Сел, опустил голову.
— Сколько партчисток он прошел… Не хочу плохо думать о нем.
— Ты не знал его, и в этом тебе надо признаться, — резко произнес секретарь. — Поэтому и других призываю изучать людей. Это наш долг, товарищи коммунисты.
Тасо встал, обвел взглядом зал, снова вернулся к трибуне, постоял, собираясь с мыслями, пока Барбукаев раздраженно не спросил:
— Что еще у вас?
— Мне больно… — Тасо доверительно посмотрел в зал, словно искал в нем поддержки. — Посоветовать хочу секретарю райкома… товарищу Барбукаеву. Пусть назовет имена коммунистов, которые ведут себя неправильно! Извините, но один глухой весь мир глухим считал. Что же получается, я смотрю по сторонам и в каждом вижу виноватого… Товарищи, я забочусь о партии, чтобы о ней никто не подумал плохо. За партию жизнь отдам и глазом не моргну. О нашем ауле еще раз хочу сказать. Правильно, в Цахкоме столько же людей, сколько в иной семье детей. Но и им нужно внимание…

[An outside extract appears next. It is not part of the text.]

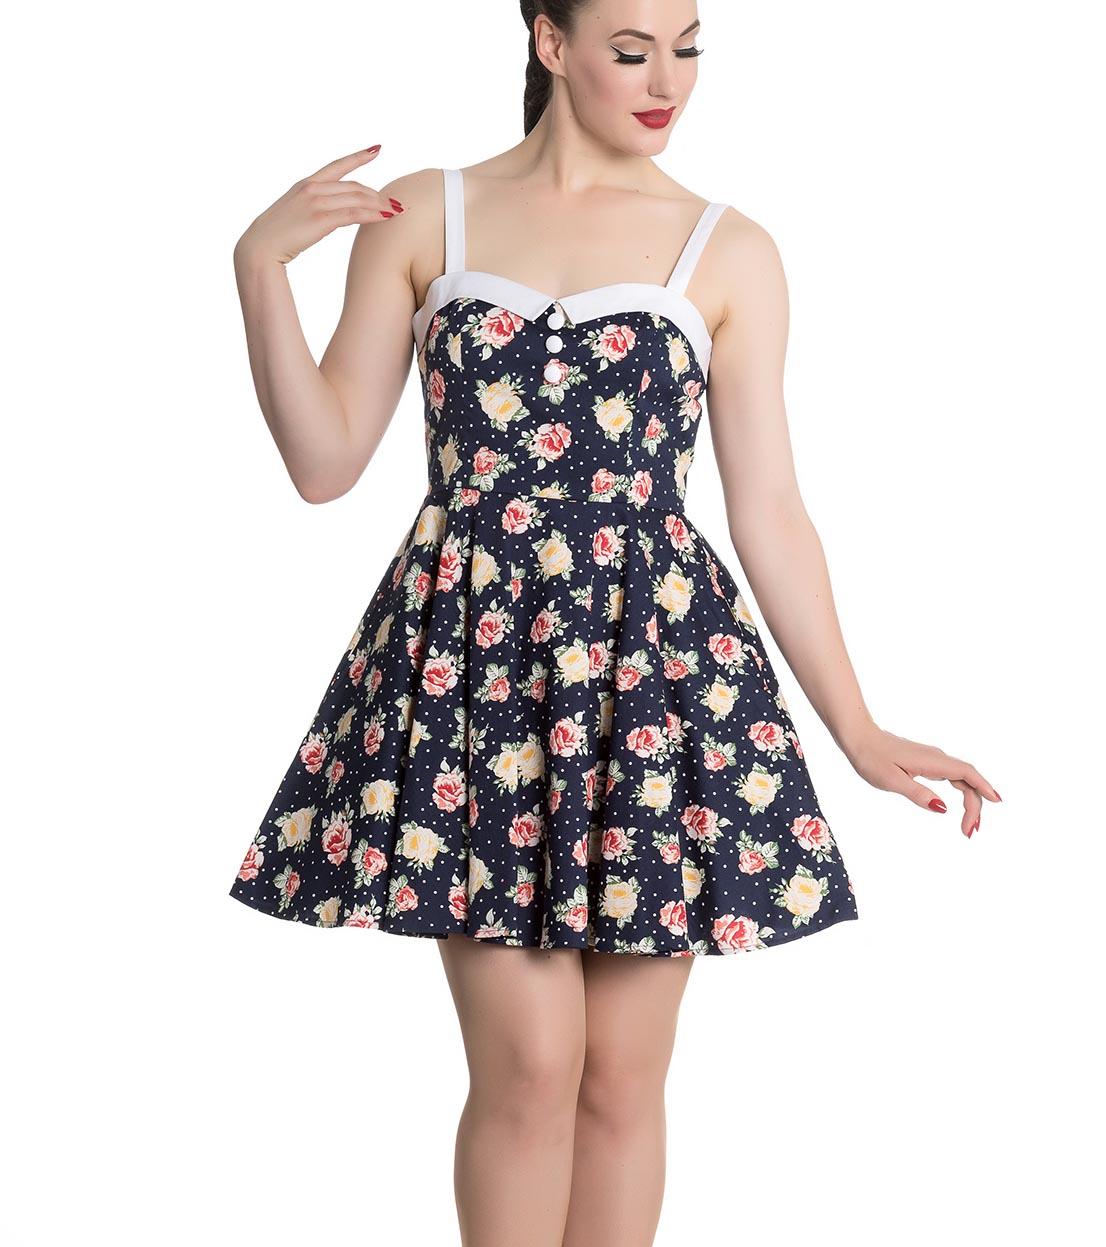 Hell-Bunny-Navy-Blue-Floral-Roses-Flowers-Mini-Dress-EMMA-Polka-Dot-All-Sizes thumbnail 23

Барбукаев вспомнил, как накануне ареста Хадзыбатыра задержался в своем кабинете до рассвета. Перелистывая дело Каруоева, взвешивал все «за» и «против». Снова, в какой раз, вызвал Джамбота, и тот таким таинственным тоном говорил о Каруоеве, что бери и ставь к стенке, расстреливай без суда и следствия. Не только его, но всех, кто был знаком с ним. Прогнал Джамбота. А он снова пришел. Тогда пригрозил ему, и все-таки Джамбот не унялся. В третий раз принес уже доказательства: Каруоев в присутствии аульцев назвал руководителей колхоза бюрократами, мол, забросили они Цахком и не заботятся о нуждах аула, а про районное начальство сказал: «Рыба гниет с головы». Что оставалось ему, секретарю? Вызвал Каруоева, предъявил обвинение, и, к удивлению, тот не стал отпираться, признался, но сказал: «Подпишусь под показаниями только в присутствии того, кто донес на меня!».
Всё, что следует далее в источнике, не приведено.